So, anyway, we’ve all experienced this. There are a lot of qualities we could talk about. I think the first one that I might mention — not that it’s the most important, but just, it’s really interesting to me — is how attentive he is to individuals. Whether they’re little children, and we can talk about that later. Oh my goodness, the little children: They resonate with him, and he goes for them. I’m picturing sitting in a large ballroom at a meeting in Paraguay, and there were some dignitaries that were late, and they had kind of slipped in late and slipped over to the side. He’s up on an elevated stand platform thing. He should never have seen them, but he doesn’t miss anything in terms of, “Oh, I need to go greet those people.” So, the minute the meeting was over he is bolting — much to the chagrin of his security detail — down front into the audience and going over to greet these individuals. So, his attention to individuals has been really inspiring to watch.
Brother Michael Colemere: And their attention to him, these children. In Singapore, Sheri and I were with a family that met the Nelsons before the devotional that night, and they had little children, two beautiful little girls and a little — you could just see it in his eye, this little mischievous little boy who was, what, three years old?
Sister Sheri Dew: Probably.
Brother Michael Colemere: And he watched President Nelson at the beginning and just kind of looked at him, and he would take a step towards him a little bit, a little bit more, and he just hugged him and stayed on his lap pretty much for that 15-minute interview before the devotional starts. Then, the funniest thing ever: During the devotional, this boy darts out of the seats and is running up to the stage to see President Nelson. Children love this man.
Sister Sheri Dew: Again, to tag on to what Michael just said — and it was in Paraguay again, as he comes down off the stand to go greet these other dignitaries, there were maybe half a dozen children and they were little boys — I’m going to say they’re eight year olds, six year olds, eight year olds — they practically gang tackle him. In fact, it’s like they kind of took him down to his knees. Later, I teased a couple of the security guys. I said, “So, geez — security kind of collapses when the children mob the Prophet.” But they were just drawn to him and he’s drawn to them.

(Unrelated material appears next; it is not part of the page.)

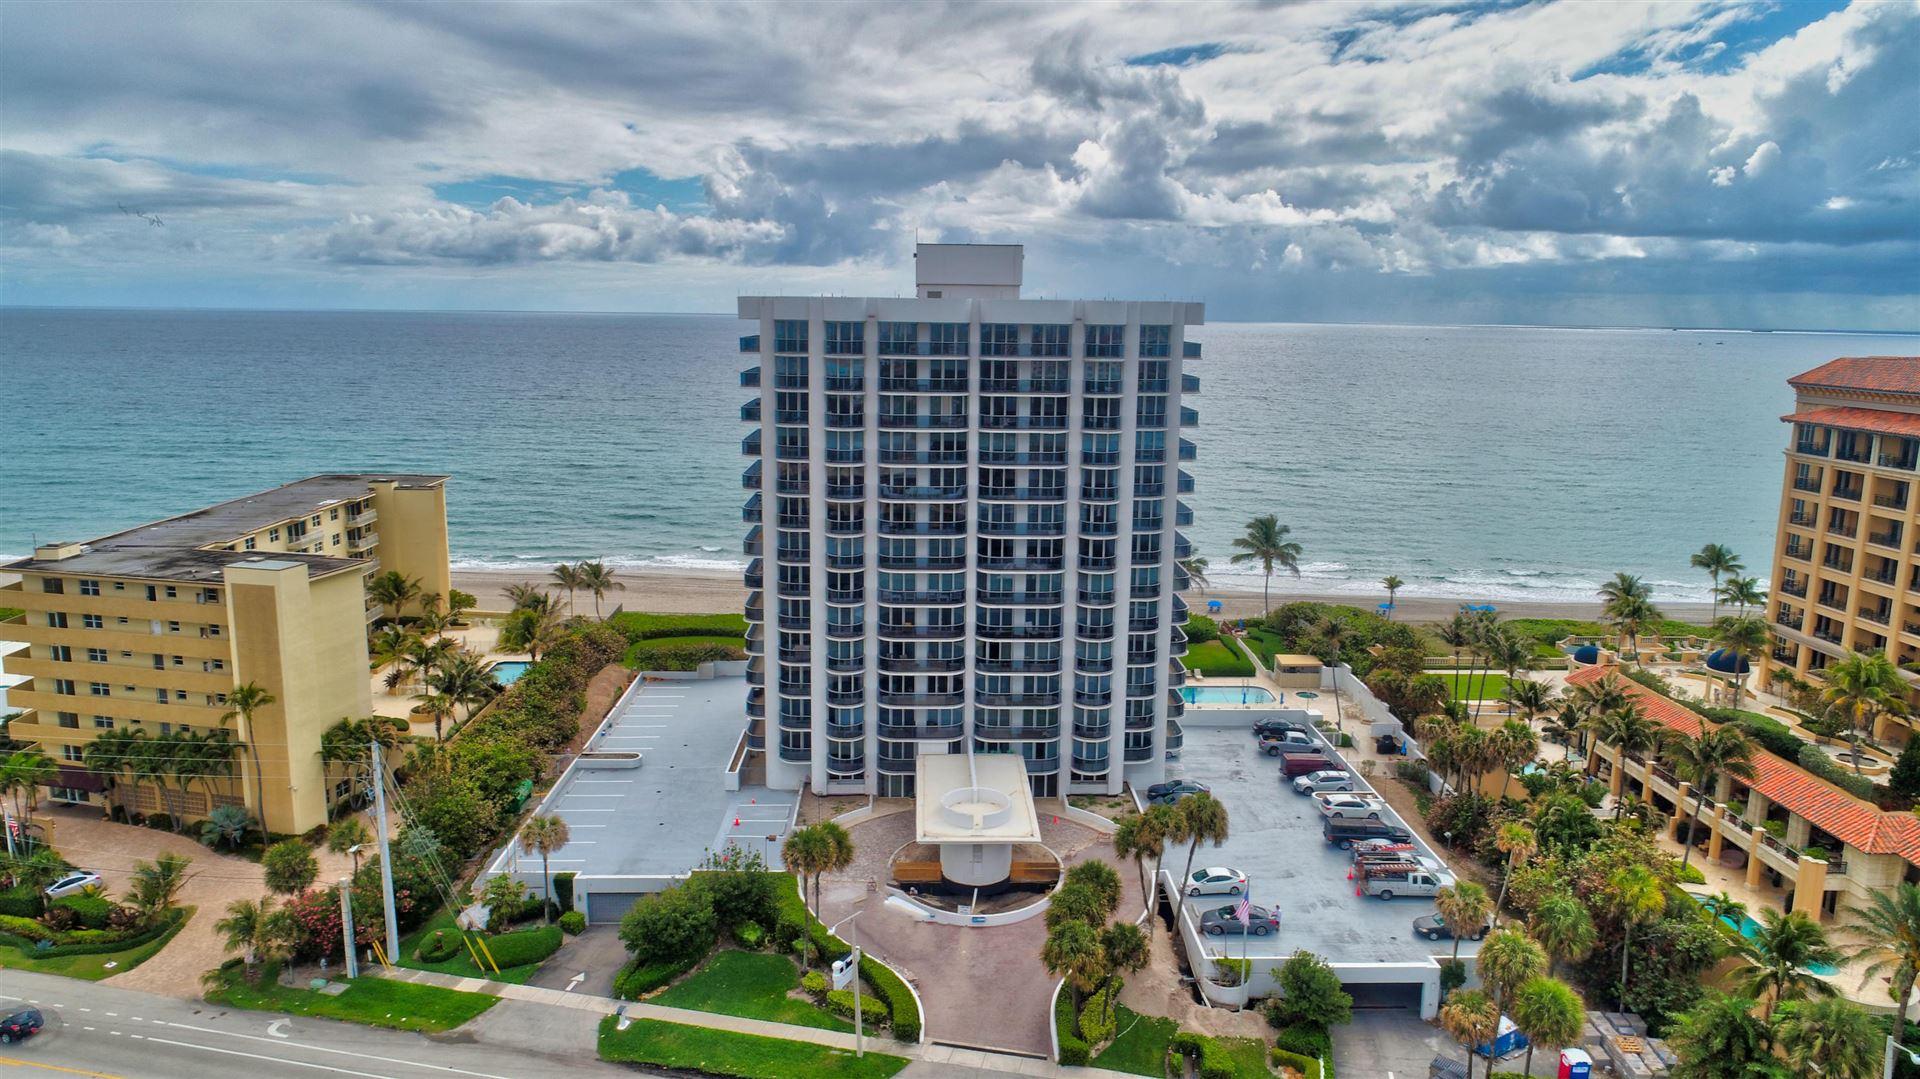 350 S Ocean Boulevard #5-A, Boca Raton, FL 33432 - #: RX-10611910

Sarah Jane Weaver: We can include both those pictures in the text of this podcast, because it shows President Nelson with that little boy in Singapore, and then there is this picture with President Nelson down on his knees in Paraguay surrounded by the kids. I remember that moment. I was standing by Sister Nelson. I said, “I think they’re gonna knock him over,” and she said, “I know — he’s out of control.” There was no concern on her part that her husband, in his 10th decade, was down on his knees with these kids.
Later, [Elder] Gary E. Stevenson, who was also there that moment, said those children were drawn to what they felt in President Nelson. He said they were probably drawn to his reflection of the Savior in his life, and he said, “Their parents didn’t send him and President Nelson didn’t call them to him. They just came.”

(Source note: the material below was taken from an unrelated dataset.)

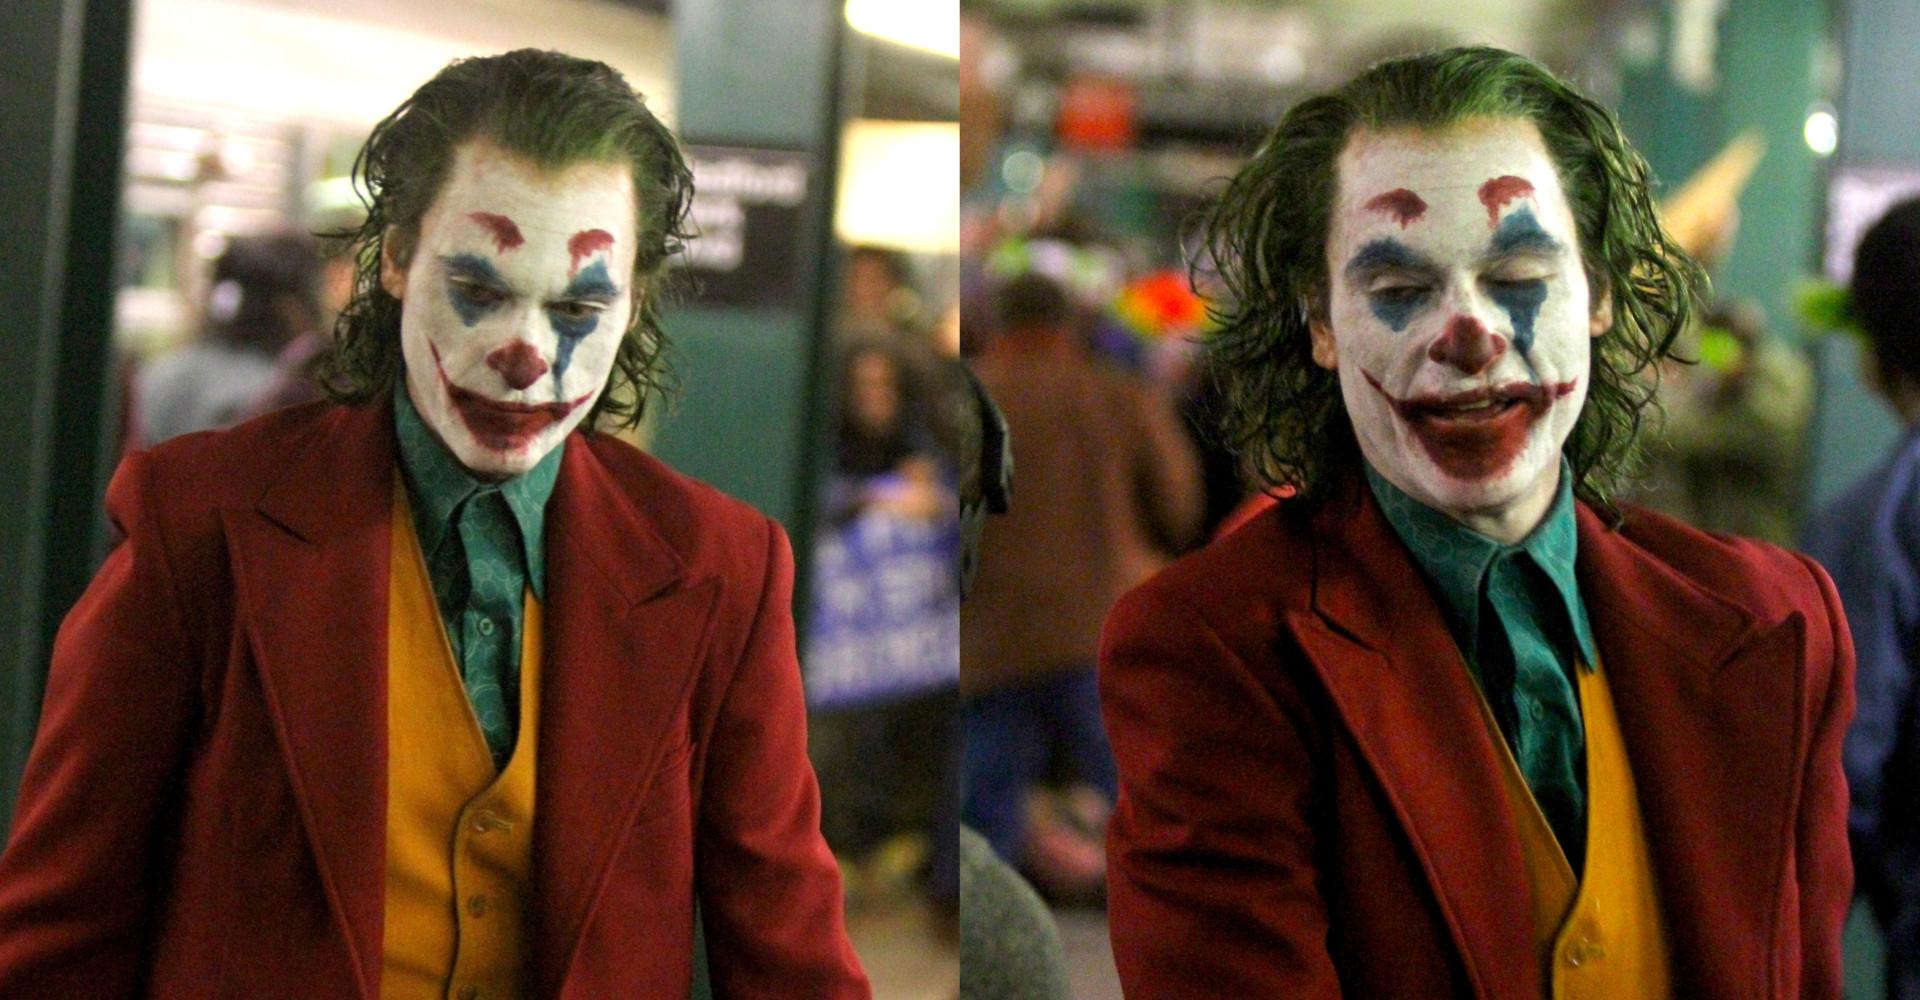 Joaquin Phoenix terrorizes NYC subway as the 'Joker'

Sister Sheri Dew: Yeah, they just ran, they just — “boom.”
Sarah Jane Weaver: So, in less than a year, President Nelson will become the oldest general authority in the history of the Church. We have had other general authorities that have lived long, including President Gordon B. Hinckley and Elder David B. Haight, but I do remember Sister Nelson once saying that she was “suspicious of President Nelson’s birth certificate.” Since we’re talking about him on his knees with kids — what have you learned about President Nelson’s age and health?
Brother Michael Colemere: Besides the fact he doesn’t age, and he is in perfect health. He’s always eaten well, he exercises — the man skied up until two years ago.
Sister Sheri Dew: Until he became President of the Church, and that’s when they said, “No más.”
Brother Michael Colemere: And I love talking to the security staff — when they would ski with him, trying to prevent any people bombing down the hill that could possibly hit him, so they’re here and they’re having a hard time staying up with him. And his grandkids are challenging to beat him down the hill, and he beats them most of the time.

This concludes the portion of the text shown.